Austin ISD will welcome more students in November despite rising COVID-19 cases in Central Texas

Austin

AUSTIN (KXAN) — Austin-Travis County Interim Health Authority Dr. Mark Escott warned Travis County commissioners about a possible second wave of COVID-19 cases in Central Texas, saying hospitalizations are currently increasing for people aged 40 and up.

Escott attributed this to younger people mingling with older generations, particularly those aged 10 to 29.

“We talked about the importance of those individuals not interacting with the older age groups, because we really need to protect them. Now we are seeing the effects of the transmission of disease between those age groups and certainly more concerning in terms of its impacts on our hospitalizations and fatalities,” Escott said.

This foreshadowing comes at a time when the Austin Independent School District is making preparations to allow even more students back on campus. Schools are sending letters to families, preparing them for Nov. 2, when secondary and high school students will begin transitioning between classes.

In a letter from Kealing Middle School, the science department told families these changes were being enacted to maintain Texas Education Agency funding. Last Monday, AISD superintendent Dr.

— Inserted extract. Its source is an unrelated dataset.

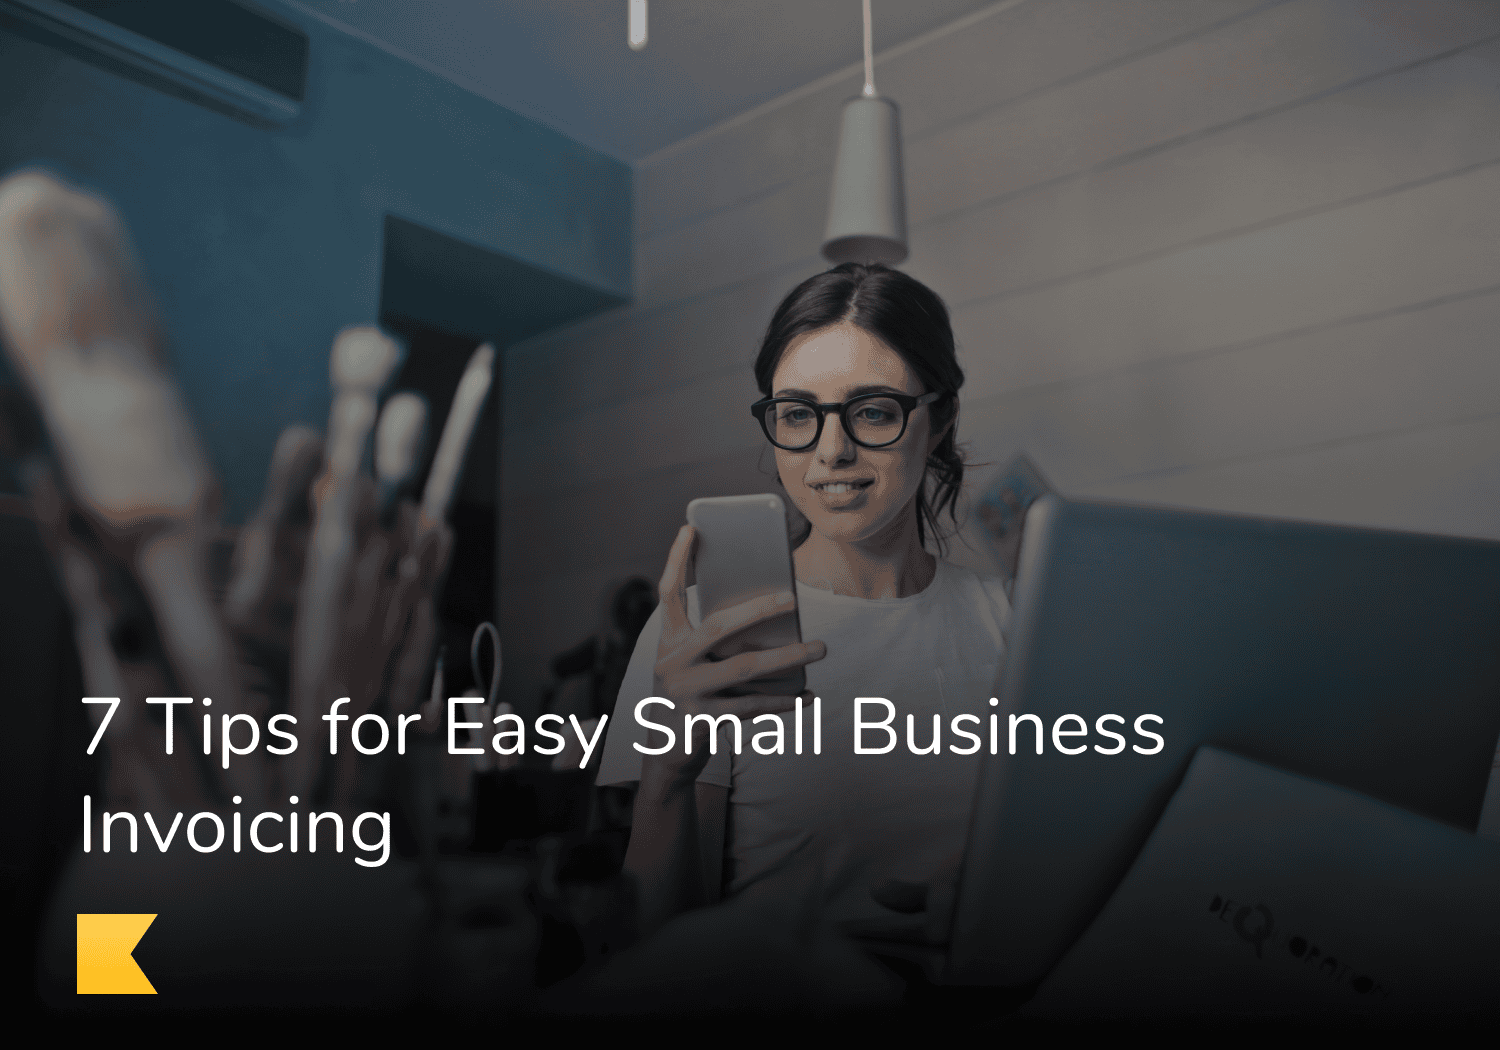 7 Tips for Easy Small Business Invoicing

Stephanie Elizalde said the TEA threatened to cut funding if the district didn’t ensure more teacher-student interactions.

“With each transition, students will be with a new teacher and a new group of students. Due to TEA guidelines, we are not able to keep students in small pods as we are currently doing on campus.”

Kealing Middle School message to families

The science department also said Zoom was still a major component of the plan despite more students returning, saying the goal was to “build community as a whole class through Zoom.”

In a separate email from the Kealing Middle School band department, the directors did not hesitate to outline the burden teachers will experience as they attempt to maintain a high level of simultaneous instruction to both in-person students and virtual ones.

“Due to the constraints of technology, it will be very difficult to simultaneously play music together. Thus, there is no benefit to receiving in person instruction while the majority of students are still participating in online learning,” Kealing band instructors Mr. Hinojosa and Mrs. DeVall wrote.

Parents KXAN spoke to shared both concerns for the level of instruction children are receiving as well as the mixed messages families are getting from the different schools in the district. Elizalde has, for the most part, given authority to principals to make plans, level classes and work through issues at the campus level.

KXAN reached out to AISD about the plans moving forward in an attempt to clarify direction and messaging the district is providing to schools which in turn is being provided to families. Despite acknowledging the request, district officials have not directly provided an answer to this line of questioning.

This story will be updated when that response is received.

Administrators say they will send out a new survey to parents soon asking if they’ll want their children to attend class in-person or learn remotely come Nov. 2.